In the end I think the user in question seemed quite happy with the CPU reduction alone, even if it didn’t improve their throughput much. If nothing else this should translate into power and cost savings.
Acknowledgements
I’d like to especially thank Tobias Hartmann for helping out with many of the questions I had when writing this post. I also owe a debt of gratitude to him alongside Vivek Deshpande, Vladimir Kozlov, and Sandhya Viswanathan for their excellent work on these HotSpot intrinsics that I here was merely able to leverage in a few new places. Also thanks to Alan Bateman and Naoto Sato for reviewing, discussing and helping get the PR integrated, and to David Delabassee for a lot of editorial suggestions.

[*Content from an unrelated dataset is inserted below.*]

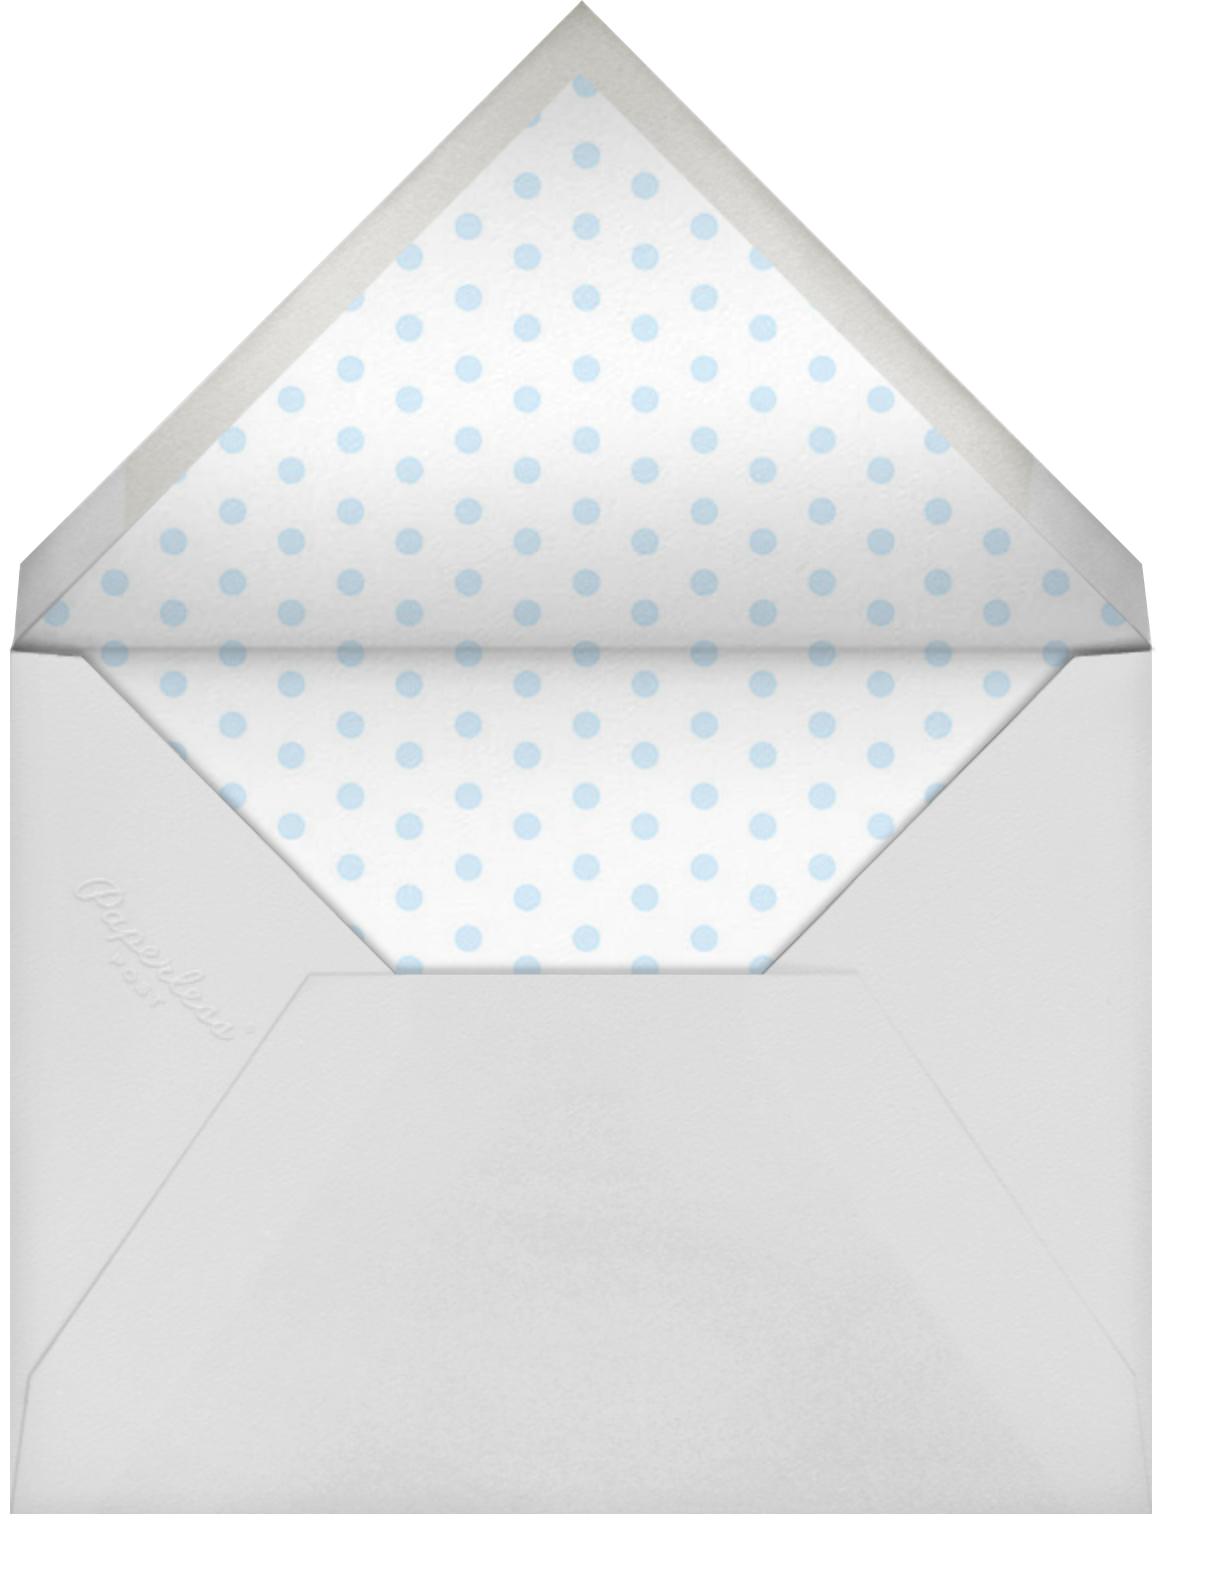 Carnaby (Tall) - Light Blue - Paperless Post - Envelope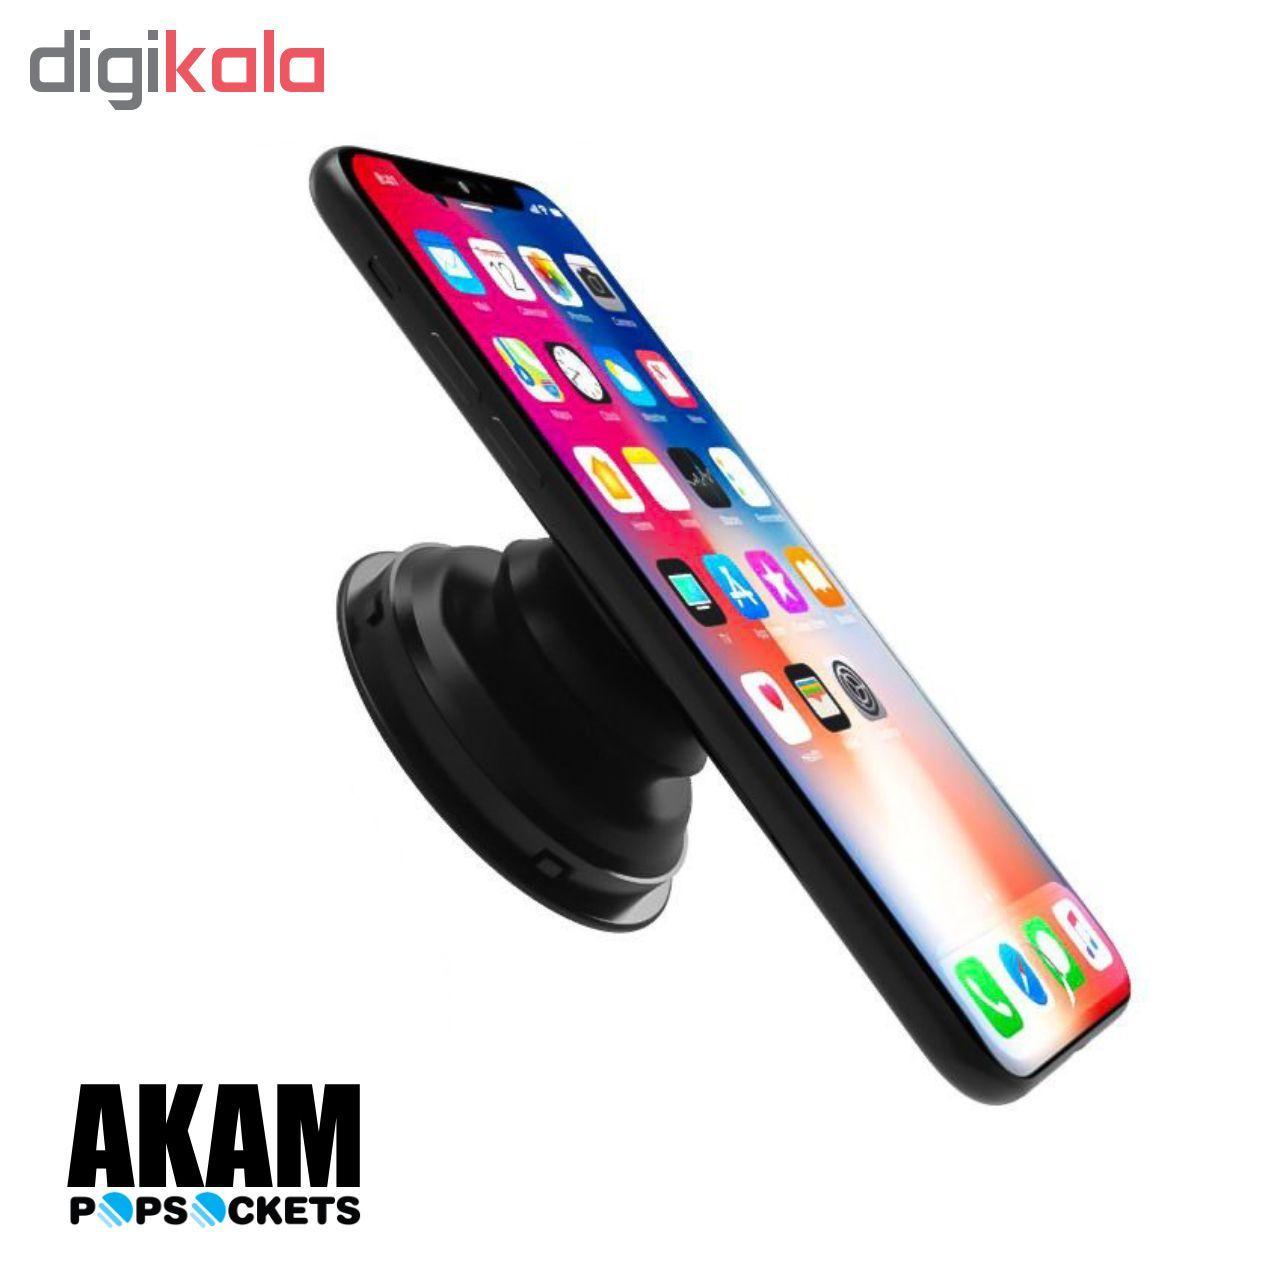 پایه نگهدارنده گوشی موبایل پاپ سوکت آکام مدل APS0021 main 1 9

Appendix: Internals of a C2 intrinsic
I was curious to find out if my reading of the disassembly made sense, but couldn’t find my way around. The C2 code is tricky to find your way around, mainly due heavy reliance on code generation, but Tobias Hartmann - who I believe wrote much of this particular intrinsic - was kind enough to point me to the right place: C2_MacroAssembler::has_negatives
.
This is the routine that emits x86 assembler custom-built to execute this particular piece of Java code as quickly as possible on the hardware at hand. If you studied that code you’d find the macro assembler used to emit the hot piece code I found when profiling above at line 3408:
movl(tmp1, 0x80808080); // create mask to test for Unicode chars in vector
movdl(vec2, tmp1);
vpbroadcastd(vec2, vec2, Assembler::AVX_256bit);
bind(COMPARE_WIDE_VECTORS);
vmovdqu(vec1, Address(ary1, len, Address::times_1));
vptest(vec1, vec2);
jccb(Assembler::notZero, TRUE_LABEL);
addptr(len, 32);
jcc(Assembler::notZero, COMPARE_WIDE_VECTORS);
Not without its’ quirks, but a bit more higher level and somewhat readable.